The integration time of the PhotoniQ-OEM Model 3214 is set by a resistor-capacitor network. We used an external trigger signal (the side-scatter signal from the Coulter Epics Elite), which added an overhead and incurred a variable synchronization delay (∼0–15 ns) before the start of integration. Generally, longer integration time events tolerate a few nanoseconds of uncertainty in their start time using the employed electronics. Under digital control, the integration time and the average delay from trigger may be controlled in approximately 15-ns increments.
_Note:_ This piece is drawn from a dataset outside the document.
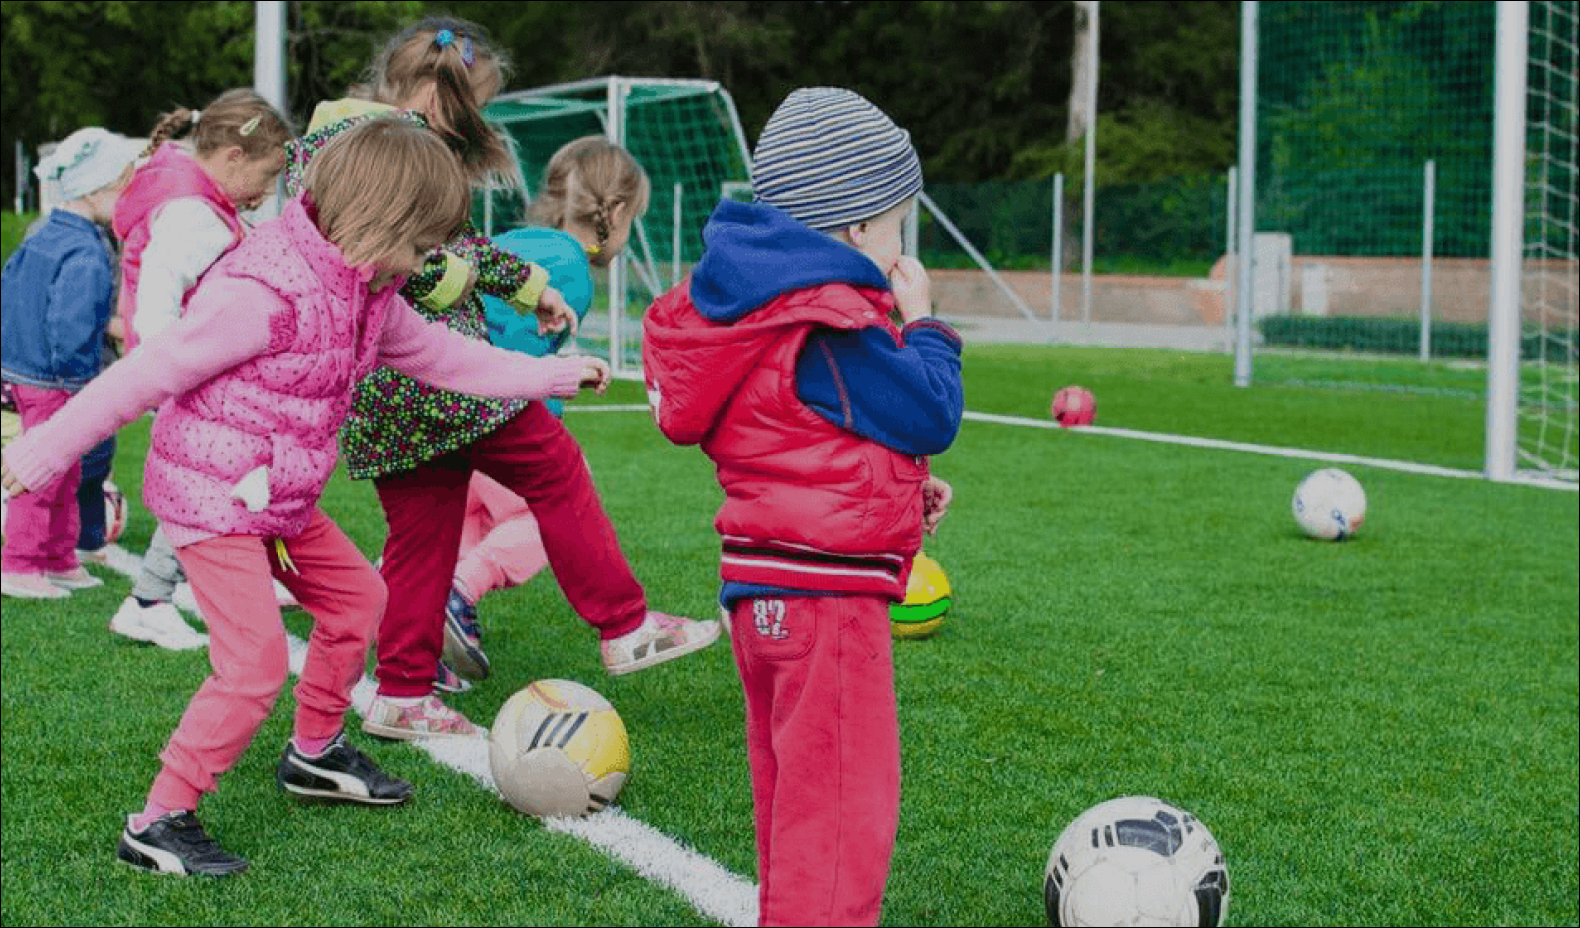 Children playing sport - SME Capital

To achieve reliable threshold detection of a single photoelectron, the signal from that photoelectron must be far enough above the noise such that false signals are sufficiently rare. For an acquisition system that includes an ADC, the single-photoelectron threshold should be set above a single least significant bit (LSB) of the converter. In general, this means that an N-bit converter provides NX bits of signal range, where X is selected to insure sufficiently low false-detection probability for a single photoelectron. In the PhotoniQ-OEM Model 3214, X is ∼2.5, which yields a 3,000-to-1 photoelectron dynamic range from its 14-bit converters. While this may seem considerably less impressive than the capabilities of current research-grade high-speed cytometers, it is not a significant problem for the described system since we are collecting the entire spectrum, and it is the complete spectral signature that we analyze, not selected individual spectral intensity bands. Consequently, the sensitivity at specific wavelengths, while important, is less crucial for a spectral subsystem, which evaluates the entire spectrum. There is a slight drop off in sensitivity toward the ends of the detector array, as shown in Figure 2A, but this can be largely overcome by incorporating digital processing (standardization) of each individual channel before output is analyzed.

Figure 2.

(A) Sensitivity of anodes in Hamamatsu 7260 PMT. (B) Correspondence between the 32 channels of the PMT and the wavelengths.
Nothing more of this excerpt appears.